L'equipaggio di 24 persone è sopravvissuto a una caduta libera di quasi 2.400 metri (8.000 piedi) in posizione quasi capovolta, prima che il comandante, il tenente Shane Osborn, riprendesse il controllo e atterrasse alla base aerea di Lingshui, sull'isola di Hainan. Sono stati trattenuti dalla Cina per undici giorni e rilasciati dopo che gli Stati Uniti hanno inviato la loro lettera di scuse, formulata con estrema cura.“
Che cosa ci faceva l'EP-3 al largo della Cina?
L'EP-3E ARIES II stava effettuando una pattuglia di routine per l'intelligence dei segnali, intercettando le comunicazioni cinesi, lo stesso tipo di pericolosa ricognizione in stile Guerra Fredda che in precedenza era costata vite umane, come nel I voli C-130 Ferret furono abbattuti decenni prima.
La Cina è riuscita a carpire segreti statunitensi dall'EP-3?
L'equipaggio aveva circa 26 minuti per distruggere apparecchiature sensibili e non era addestrato né equipaggiato per farlo, versando caffè nei dischi rigidi e distruggendo i rack. Le valutazioni hanno concluso che la distruzione è stata solo parziale, con chiavi crittografiche e manuali probabilmente compromessi. Acquisire informazioni dagli aerei non era una novità; Operazione Diamante del Mossad had earlier delivered a Soviet MiG-21 to the West intact.

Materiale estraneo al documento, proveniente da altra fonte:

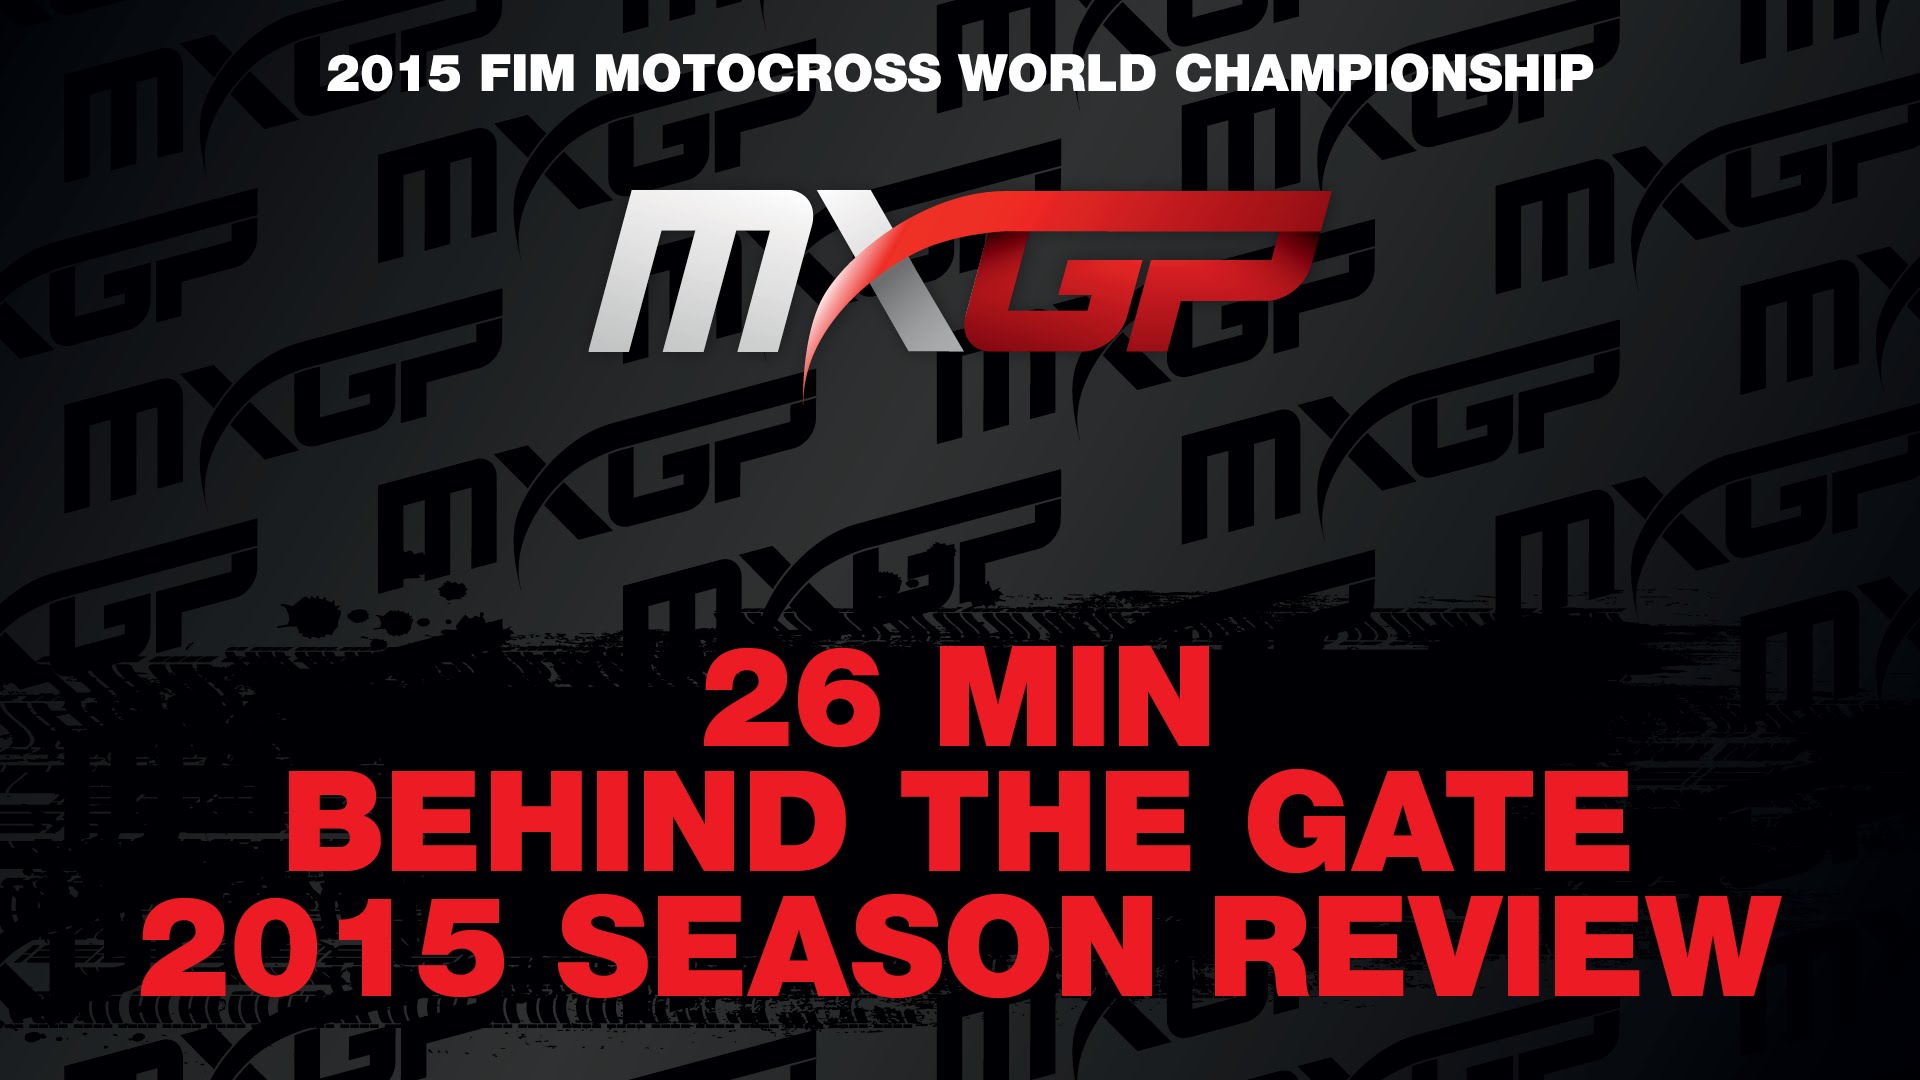 VIDEOS: Resumen de la temporada 2015 del Mundial de Motocross

Che fine ha fatto il pilota Wang Wei?
Il pilota cinese, il tenente comandante Wang Wei, si è eiettato dopo la collisione, ma non è mai stato ritrovato nonostante le vaste operazioni di ricerca e soccorso, e si presume sia morto.
Che fine hanno fatto gli aerei EP-3 in seguito?
Anziché lasciarlo volare via, la Cina ha restituito l'aereo smontato a bordo di aerei da trasporto russi An-124. Successivamente è stato ricostruito, rimesso in servizio negli Stati Uniti e infine ritirato e collocato in un museo nel 2024.